As stated earlier, vertical farms are greenhouses with more lights and less HVAC. In hot/humid regions with low electricity prices, vertical farming will soon become the technology of choice for greens, herbs, berries and some other crops. This will only happen when the vertical farm is reliable enough to ±5% of projected yields every day…for years. Given the complexity of a machine that produces life, inventing every subsystem is the least reliable path to scale. Creating a vertical farming system made up of proven lighting, HVAC, automation, and imaging solutions provides the shortest path to reliability.
To drive this point home, I believe the reliability of vertical farms is the greatest threat to unit economics. Having modeled, designed, built and operated vertical farms, a vertical farm in steady-state operations is clearly a highly profitable venture. In 2017, the question of unit economics hovered around labor, LED light electricity consumption and HVAC energy consumption. Those are now known entities, and solved problems.
Understanding this, the question “do VF economics work” can dissolve. Yes, it does. Similar to transportation, you don’t drive a boat down a freeway, and don’t fly a plane to the coffee shop. Each transportation method has its economical use case. Greenhouses don’t grow corn, and neither should vertical farms. These systems must first produce the most profitable products as we descend the steep cost curve. Which brings us to our final misstep.
Misstep #3: VFs will feed the world…soon.
If you’re looking for a VF evangelist, look no further. I’ve committed my all, professionally and financially, to this endeavor. I believe it will help feed the world and those of us who venture beyond it! BUT, it will not be nourishing the poorest billion in this decade. It has taken greenhouses half a century to feed populations en masse, yet they barely reach the poorest billion today.
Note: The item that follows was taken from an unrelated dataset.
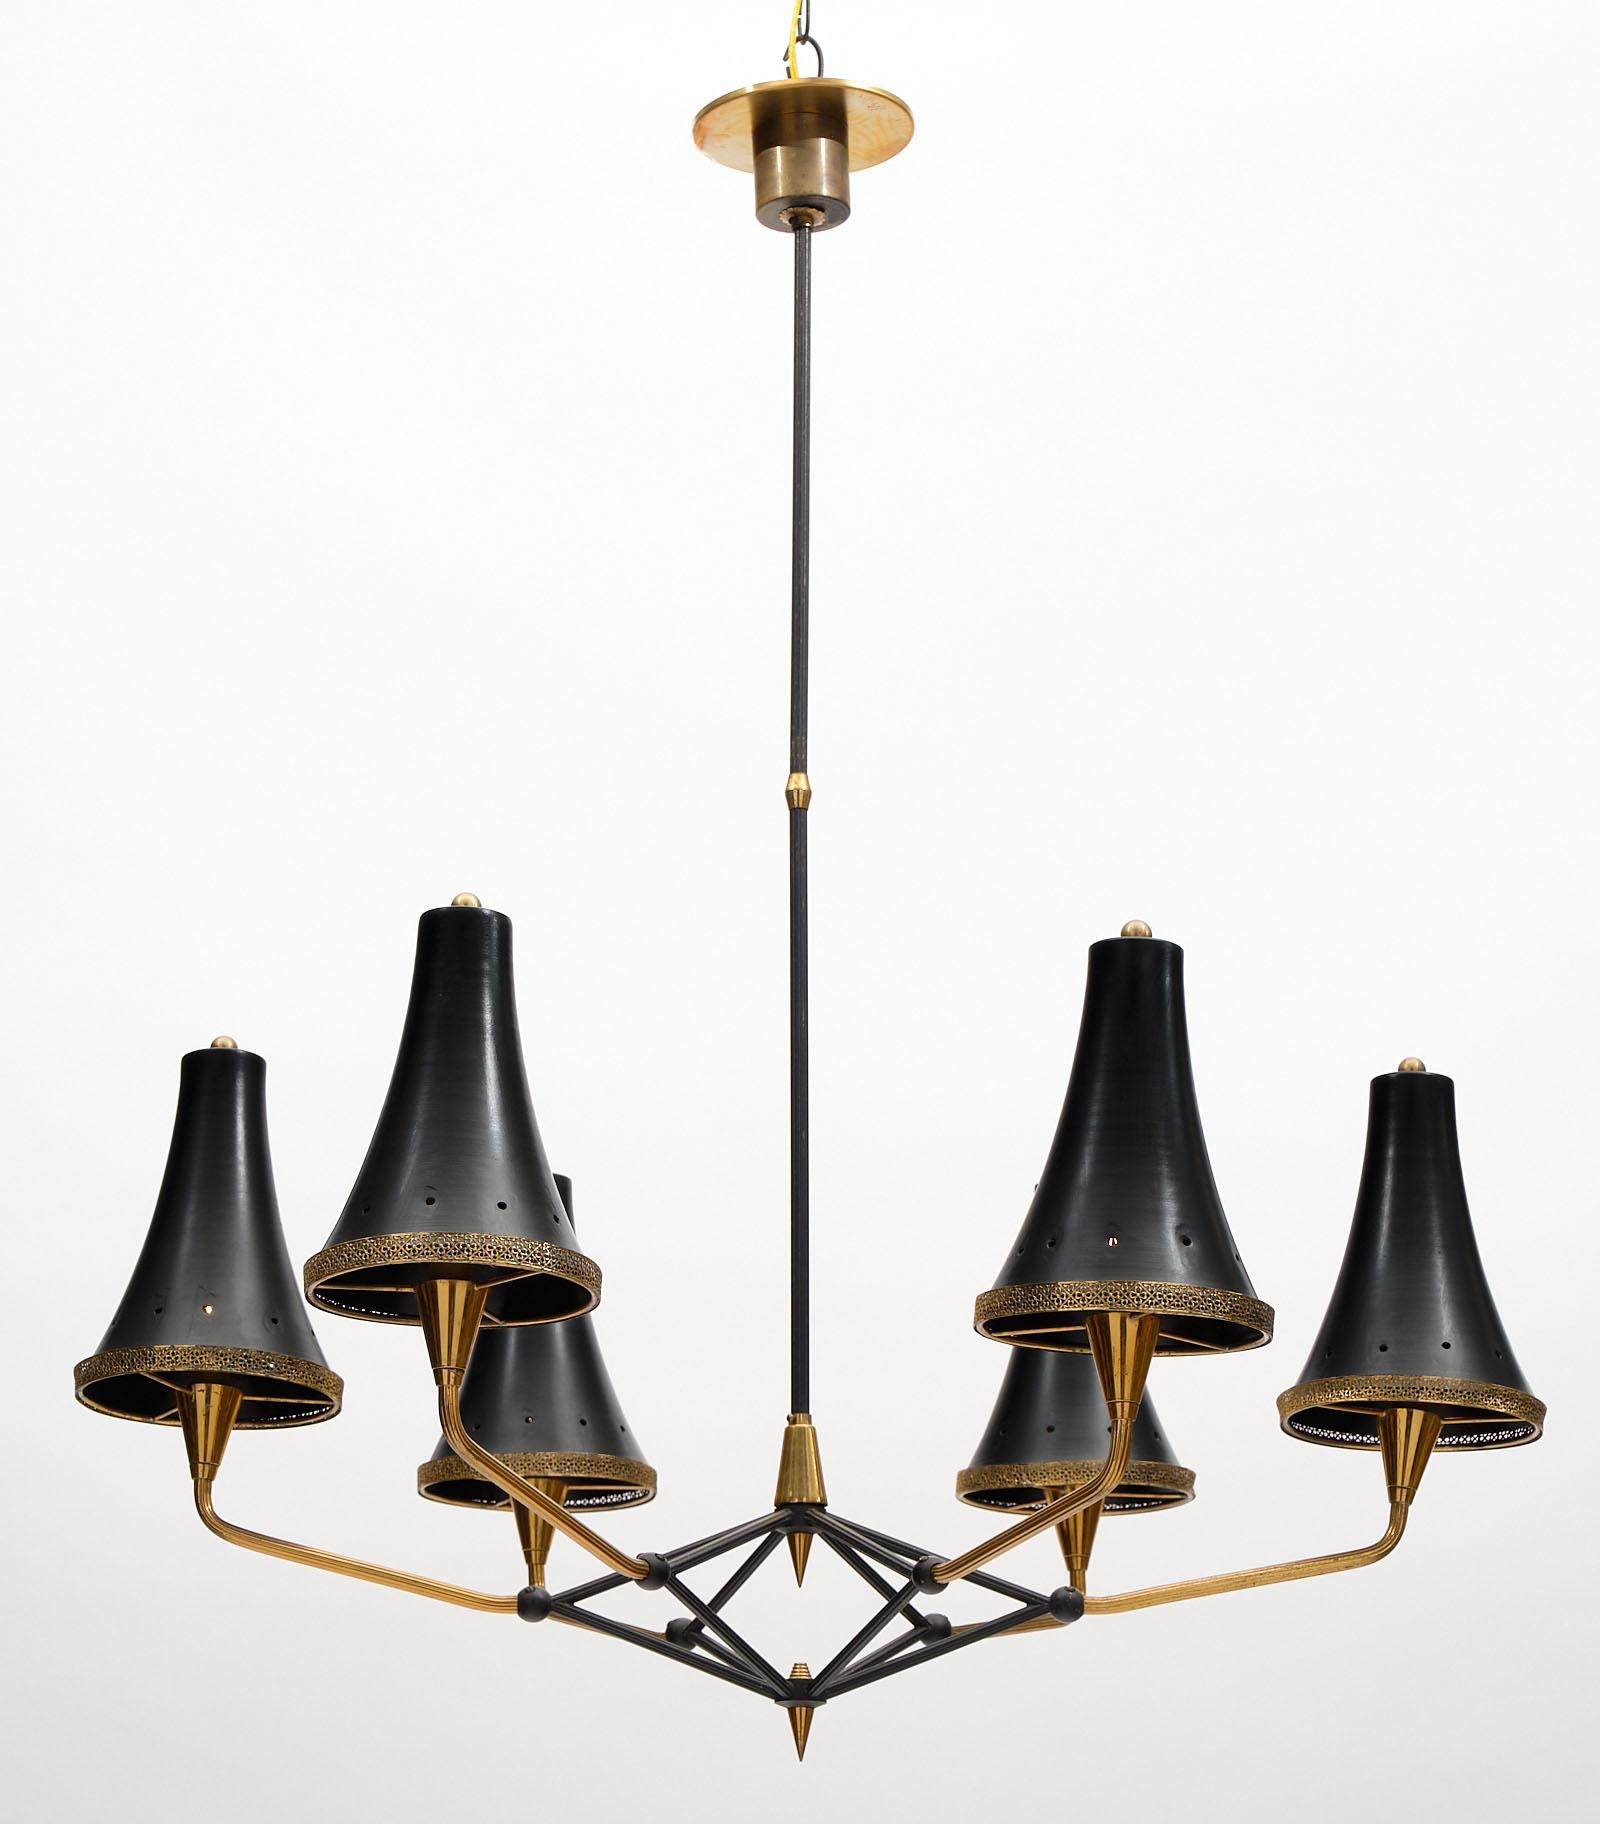 Italian vintage mid-century chandelier with lacquered steel structure and brass elements. The shades are black lacquered “tole” cones for added architectural interest. This piece has been newly wired for US standards.

Of all things, it will be the distribution of robust electrical grids that will accelerate our path to ubiquitous food…cough-nuclear-cough. It will be use cases 3, 4, and 5 that make the greatest impact on the poorest billion. Nourishing and healing a billion people will take 20 years. We knew that when we started—this doesn’t even classify as a deterrent.
I hope you’ve found this post elucidating. I hope it arms you against the skeptics. I hope it arms you against the hype. I hope your belief in our industry doesn’t waver just because it is choppy. We MUST do this, and not one monumental endeavor in history conquered the mountain without great toil. In a weird way, that’s the whole point.